START Data segment

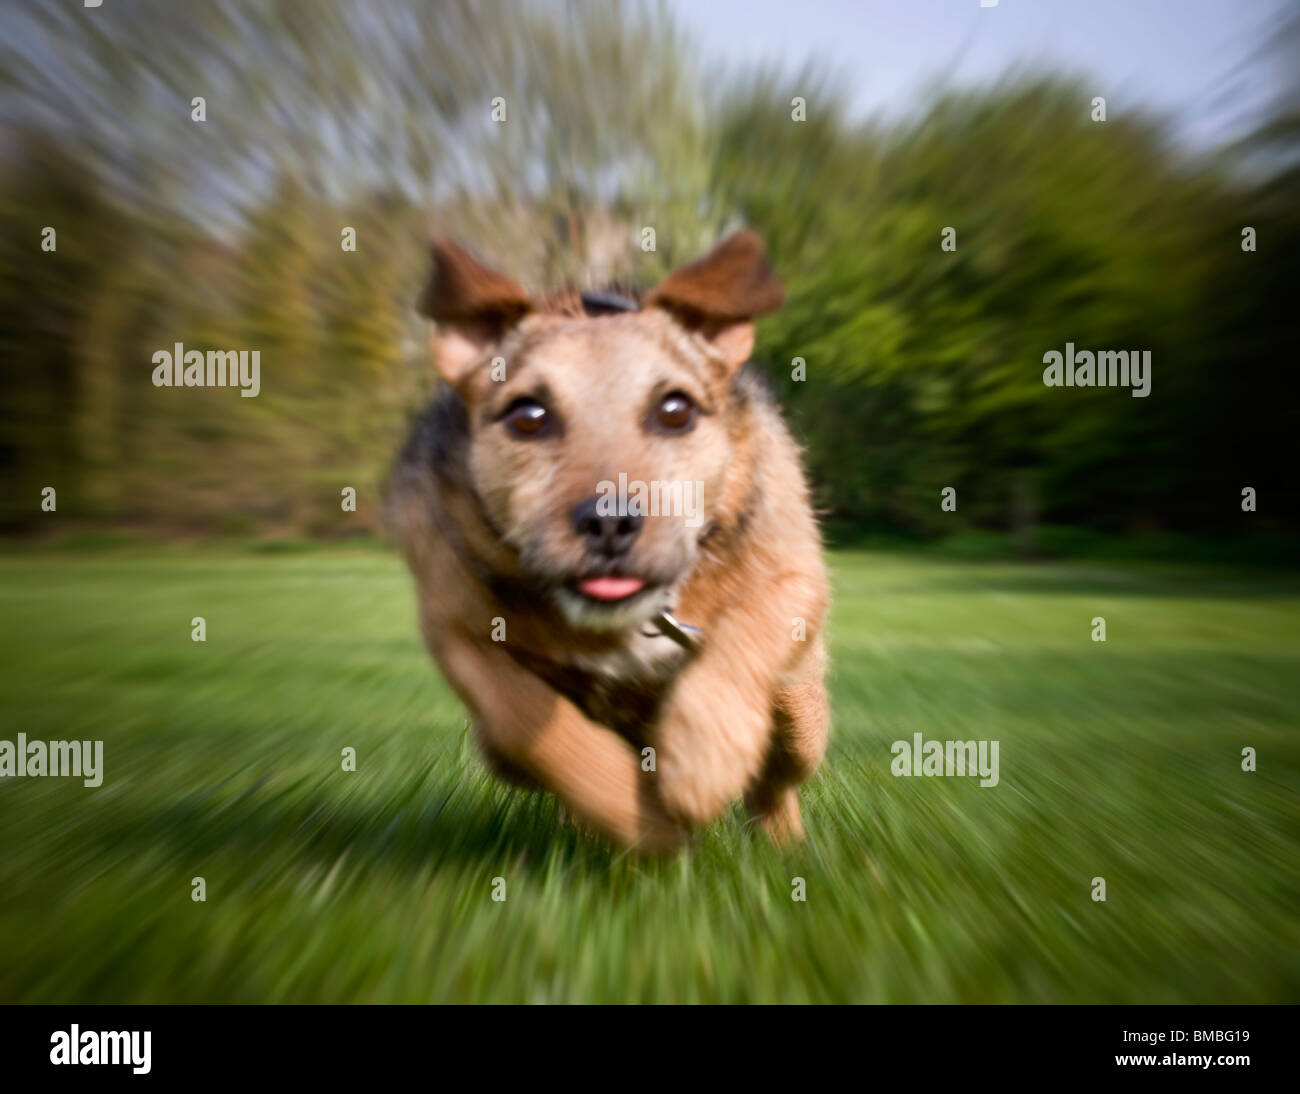 Terrier perro corre a toda velocidad en línea recta a la cámara Foto de stock
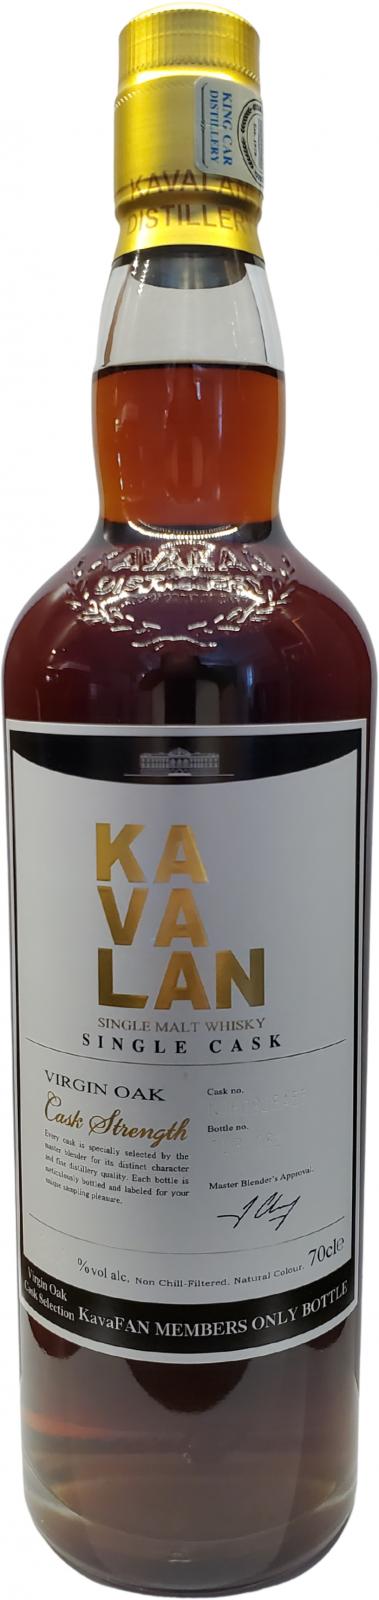 Kavalan Selection Virgin Oak N060828A55 KavaFAN Members ONLY Bottle 59.4% 700ml
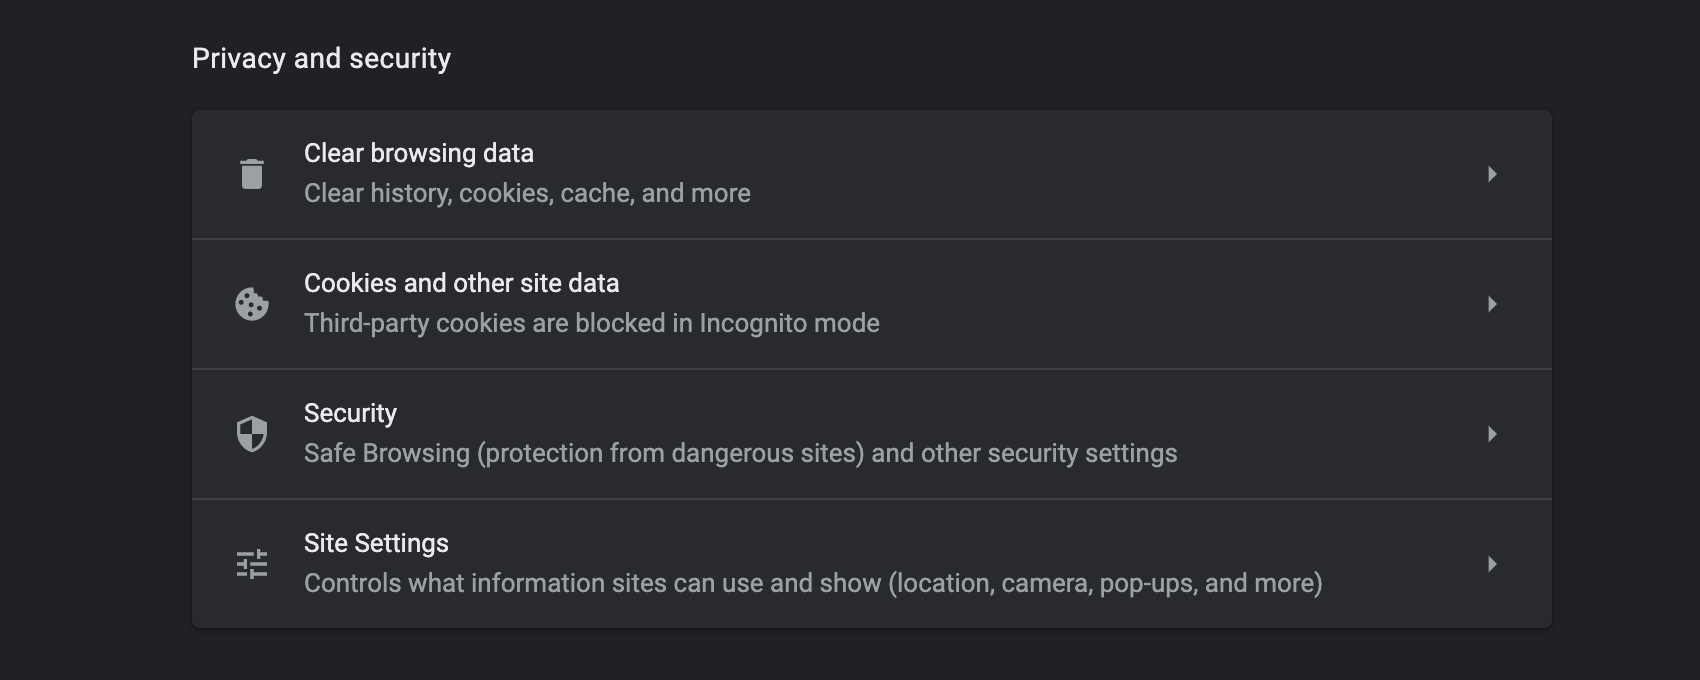 크롬 Settings의 Privacy and Security

END Data segment

--- How to complete this task ---
Everything in the listing should be copied exactly, apart from the images it holds.

--- Problem solution ---
 Terrier perro corre a toda velocidad en línea recta a la cámara Foto de stock
 Kavalan Selection Virgin Oak N060828A55 KavaFAN Members ONLY Bottle 59.4% 700ml
 크롬 Settings의 Privacy and Security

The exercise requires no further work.